→ **WHAT YOU SHOULD DO**
For this exercise, return only the lines in the records below from the one holding "Can Chickens Eat" through the one holding "Ingredients for Orzo", including both, exactly as they appear and without pictures.

→ **DATA TO EXAMINE**
————

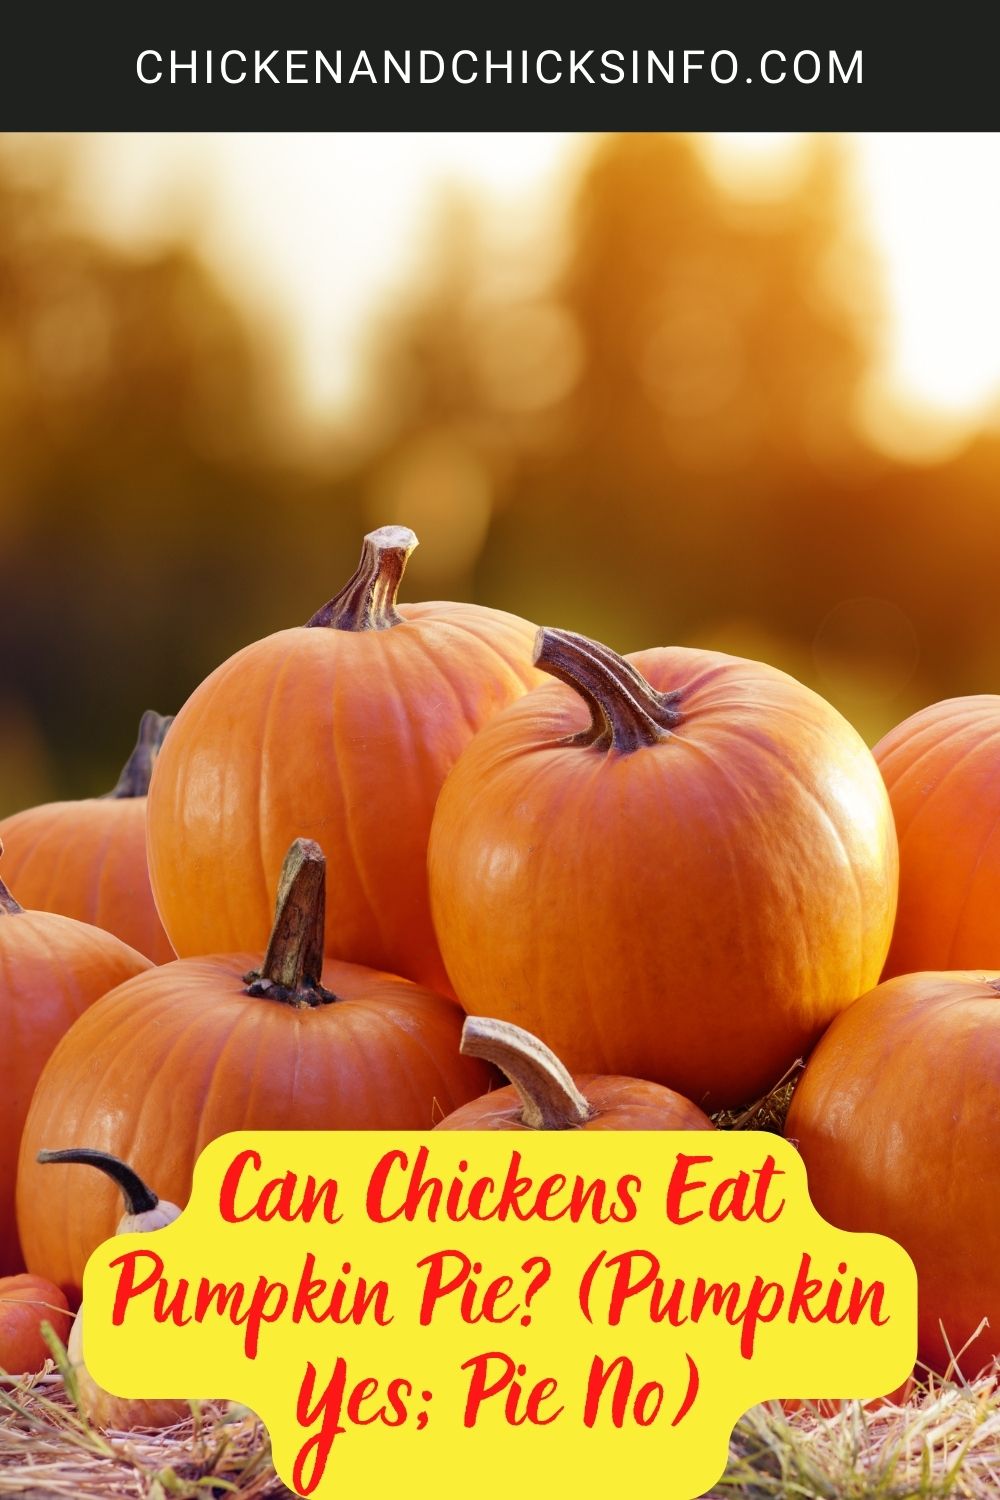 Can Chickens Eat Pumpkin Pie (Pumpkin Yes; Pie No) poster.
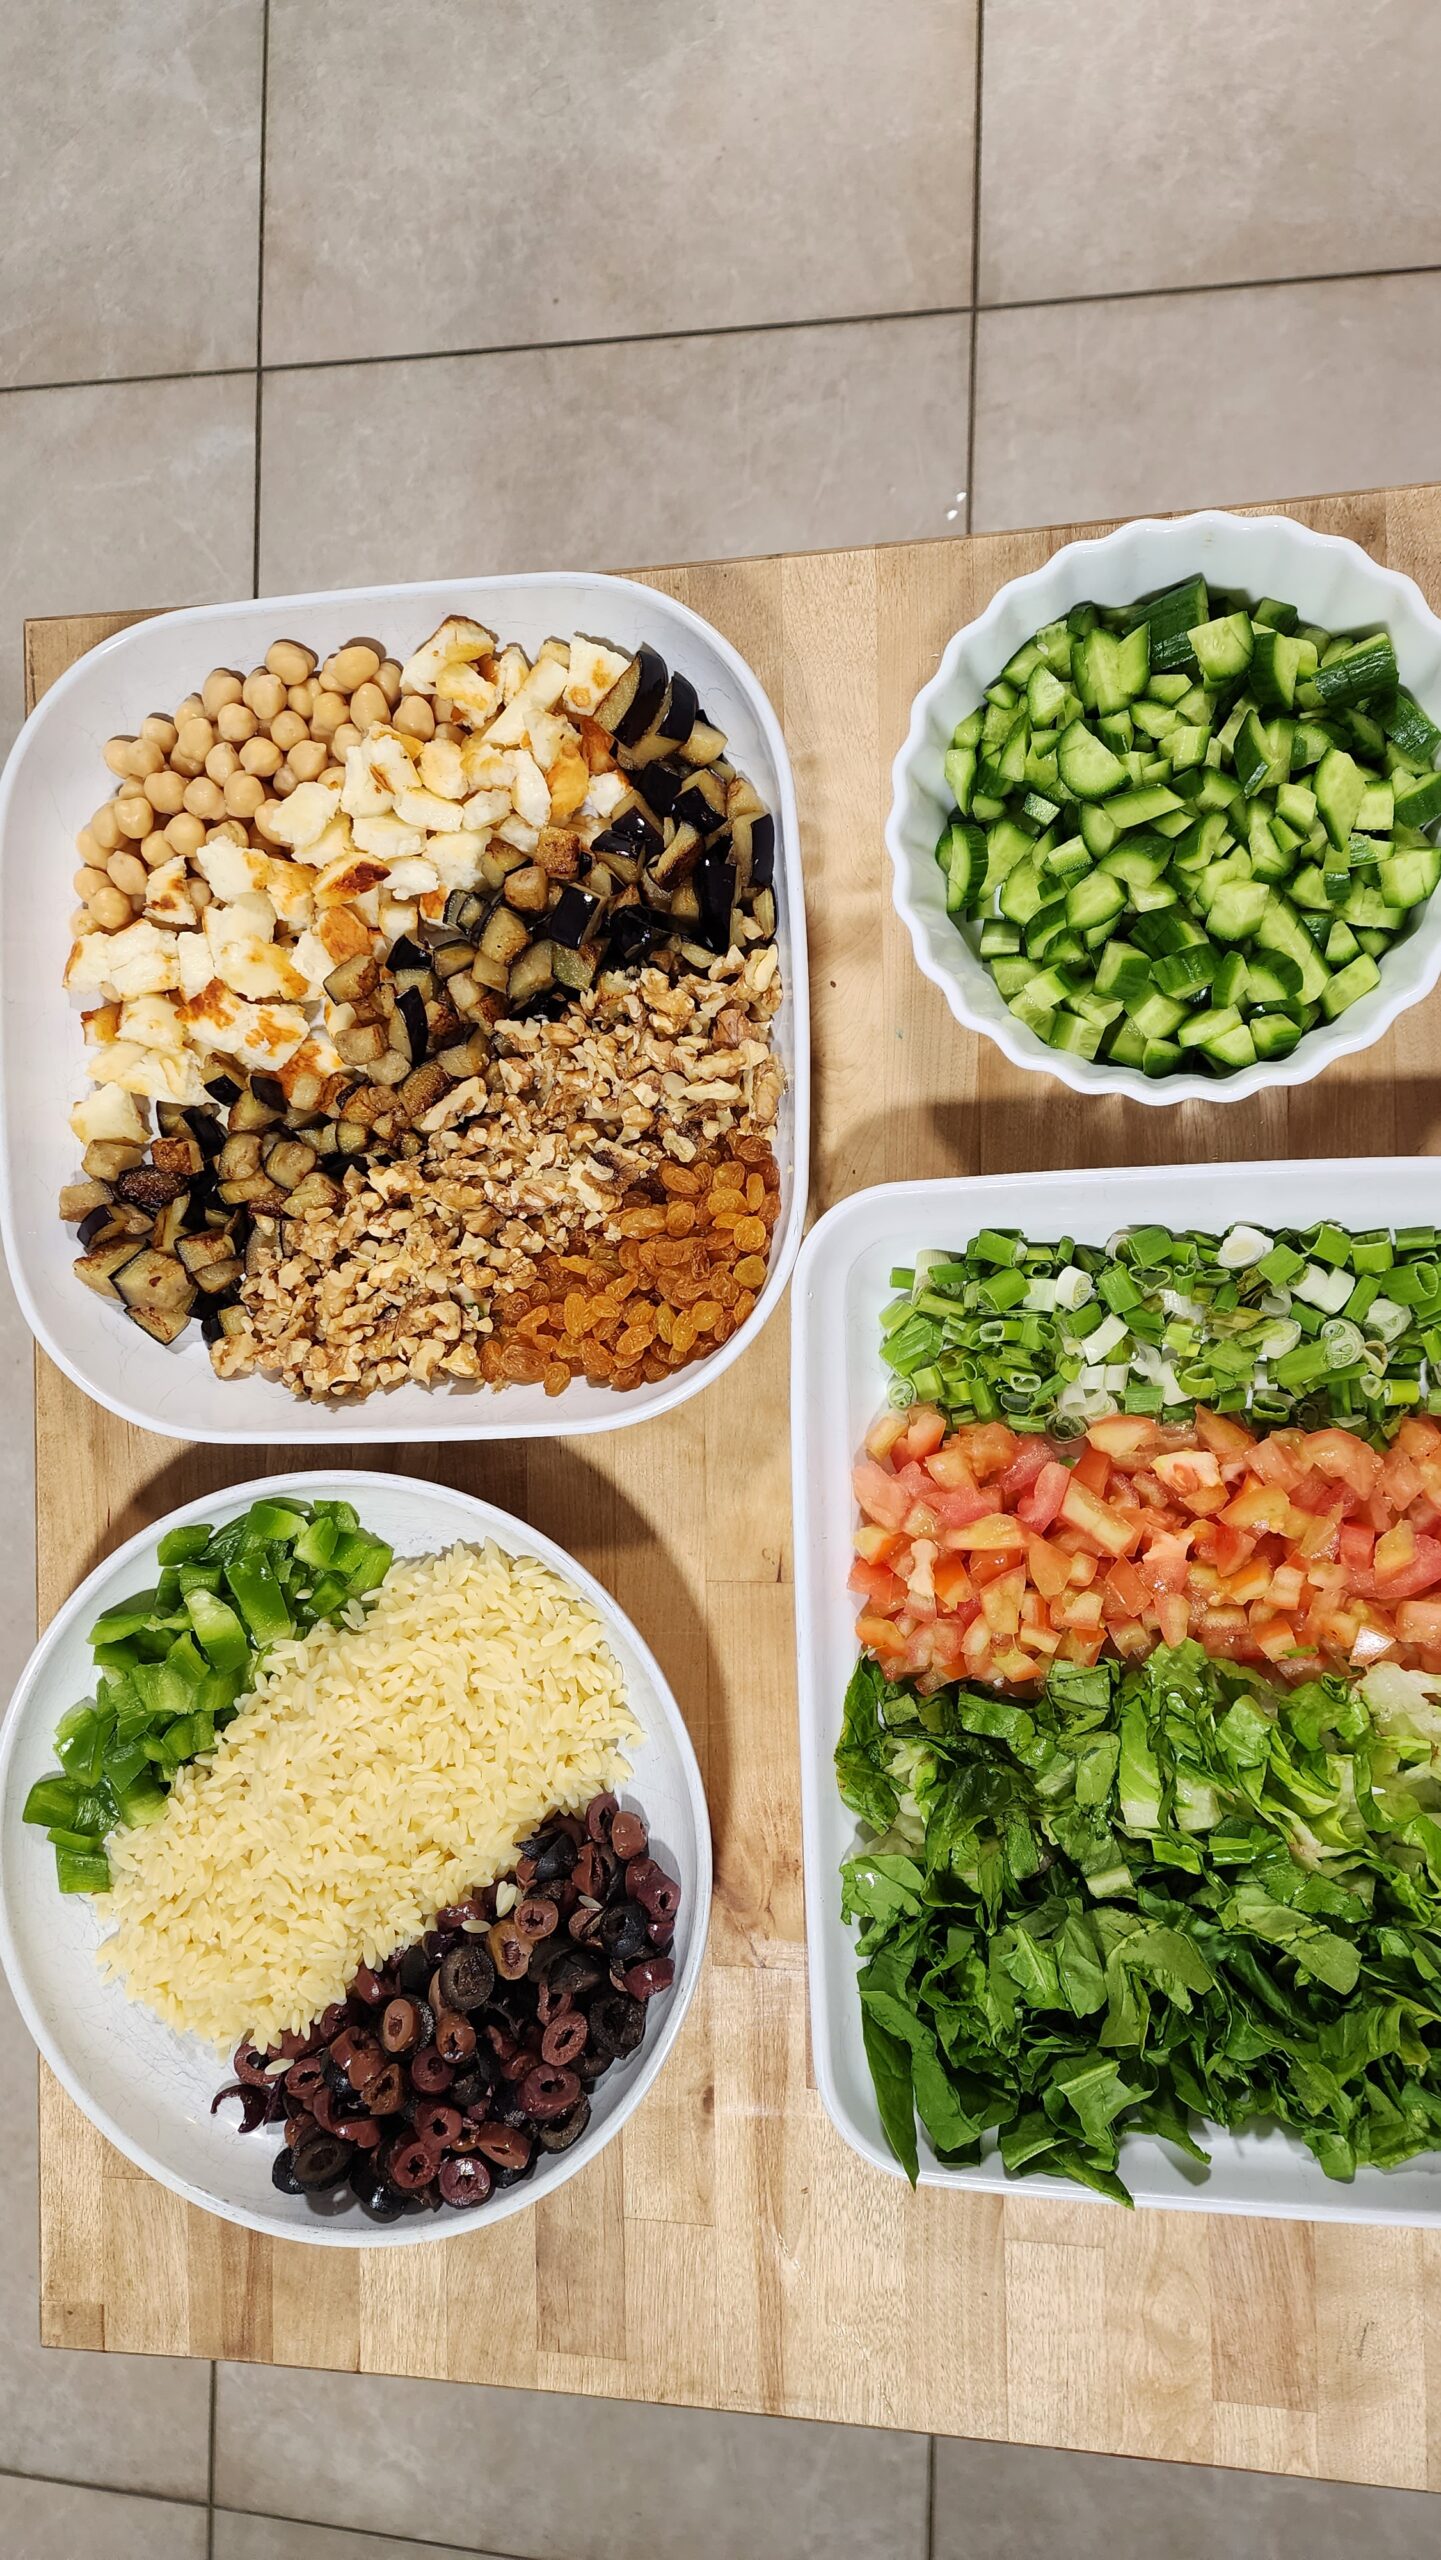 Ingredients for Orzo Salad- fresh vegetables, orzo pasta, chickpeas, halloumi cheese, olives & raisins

————

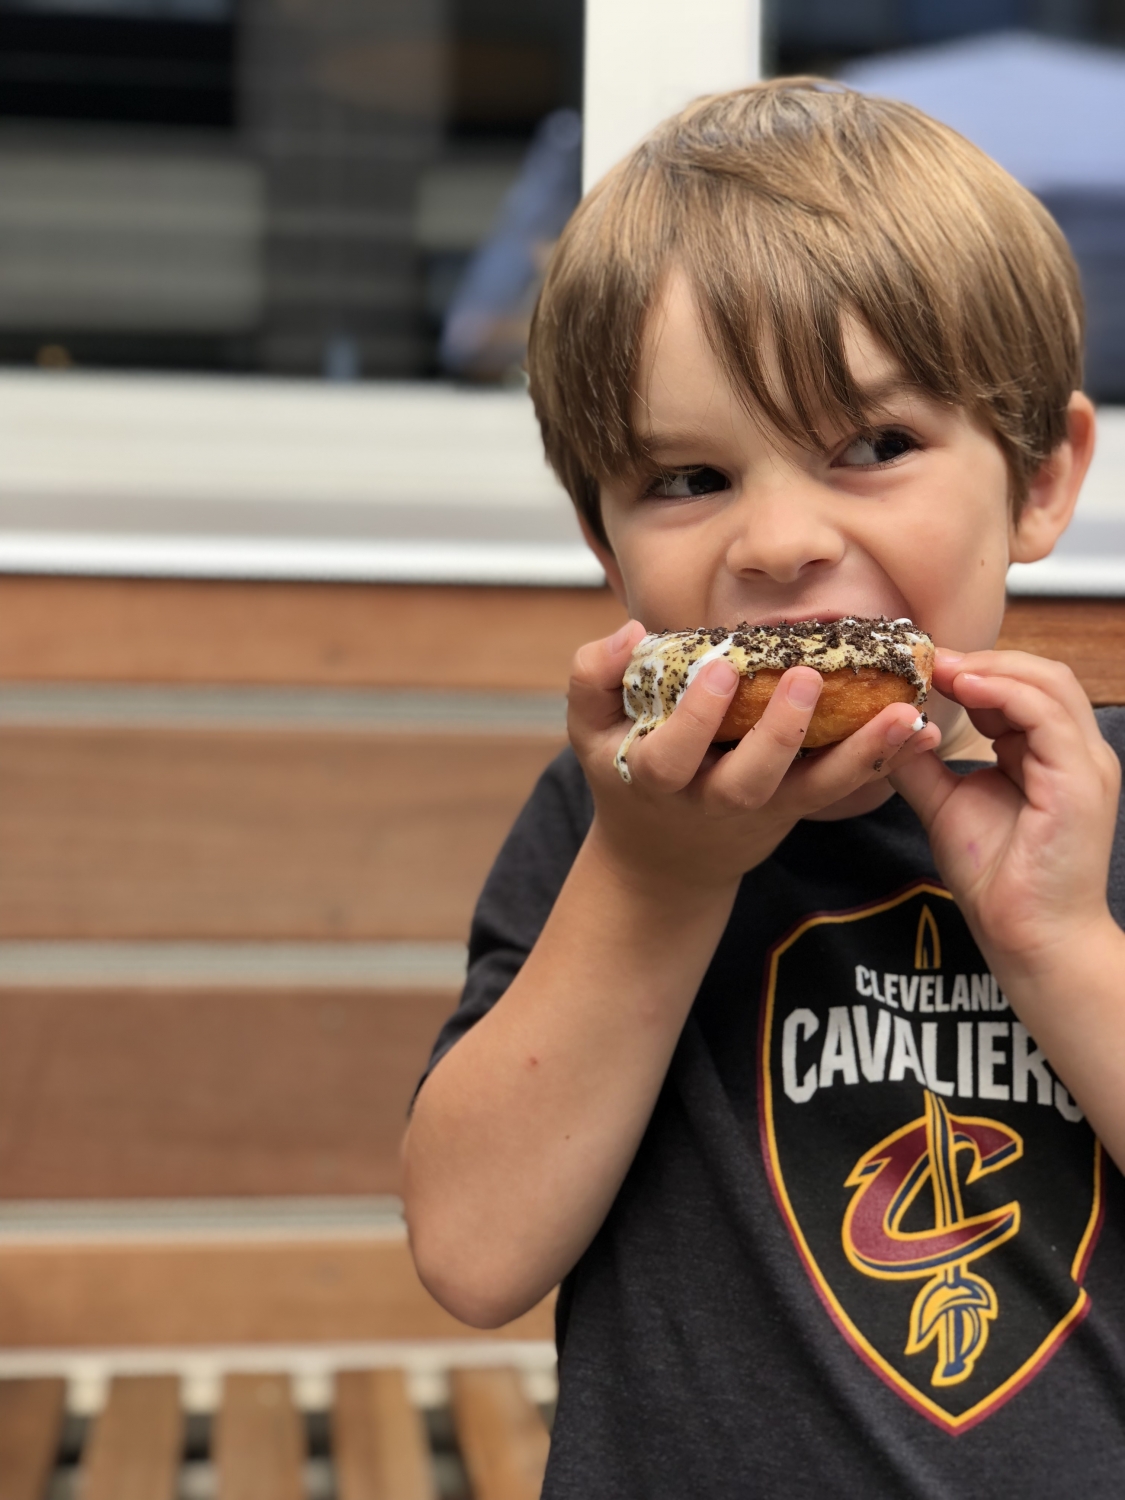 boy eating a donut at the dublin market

————

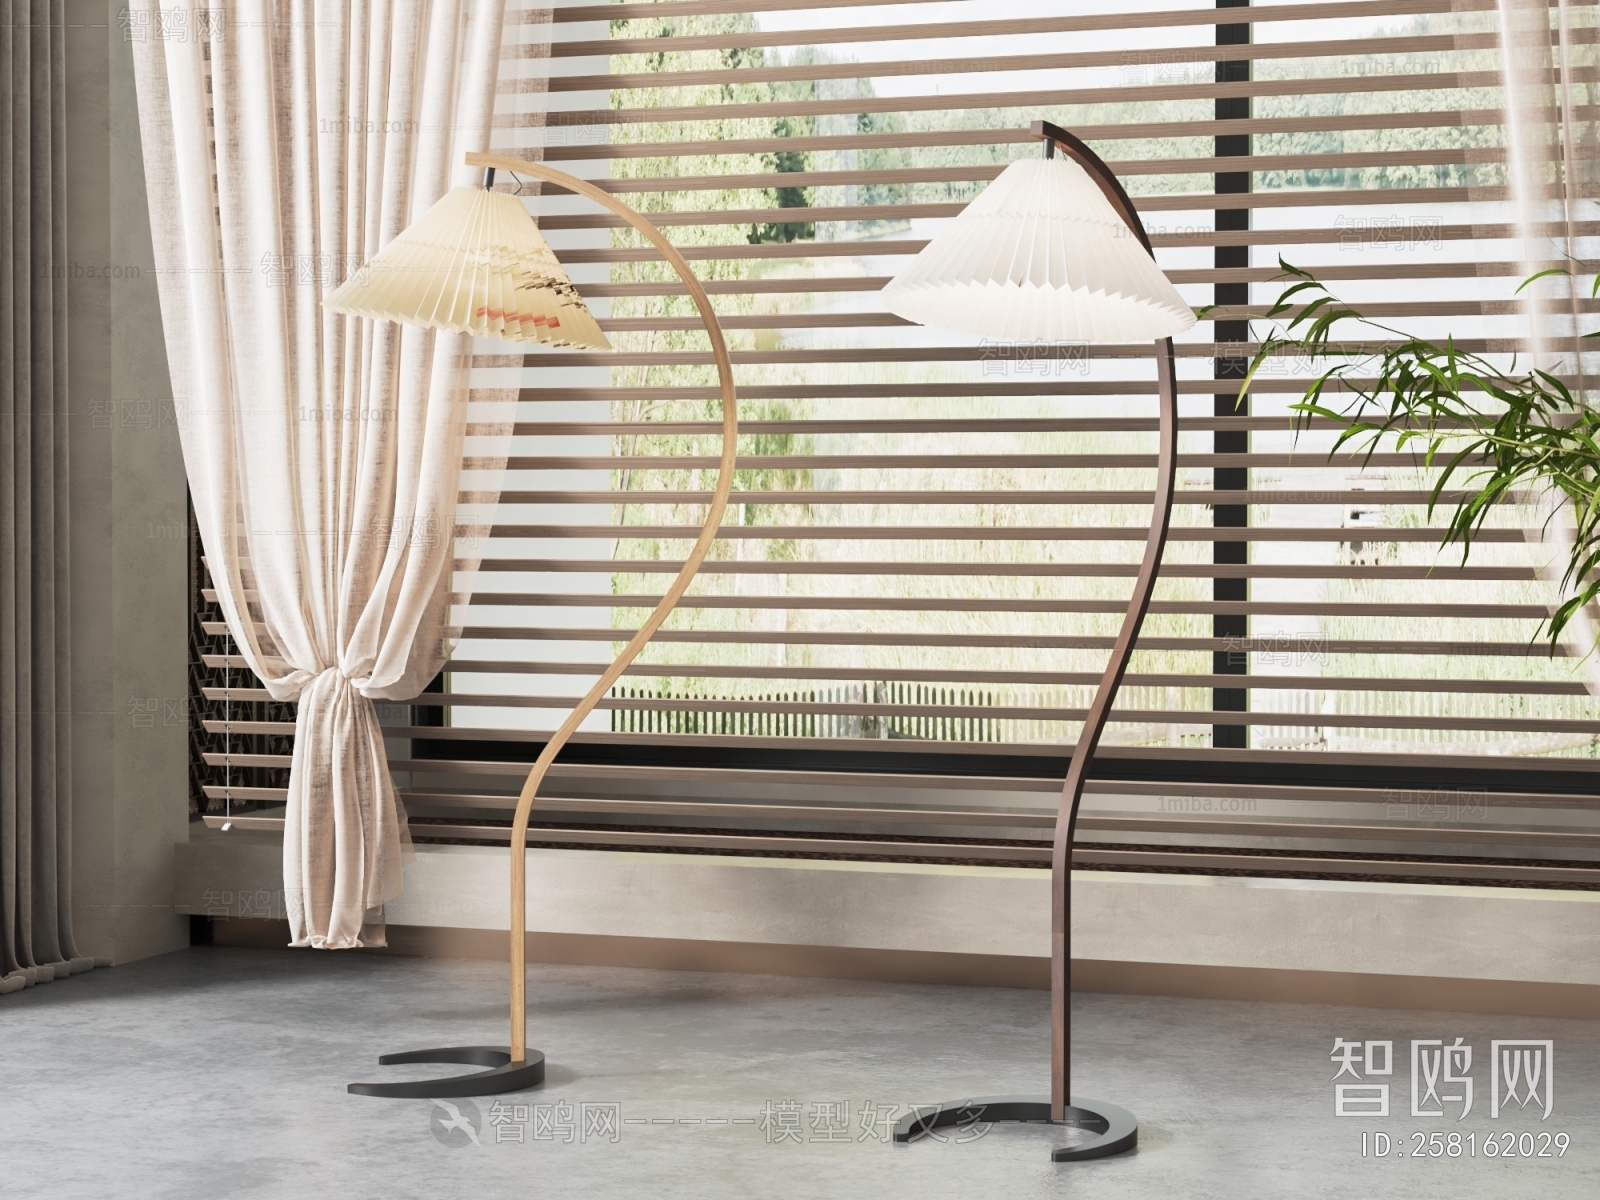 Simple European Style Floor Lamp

————

→ **SOLUTION**
 Can Chickens Eat Pumpkin Pie (Pumpkin Yes; Pie No) poster.
 Ingredients for Orzo Salad- fresh vegetables, orzo pasta, chickpeas, halloumi cheese, olives & raisins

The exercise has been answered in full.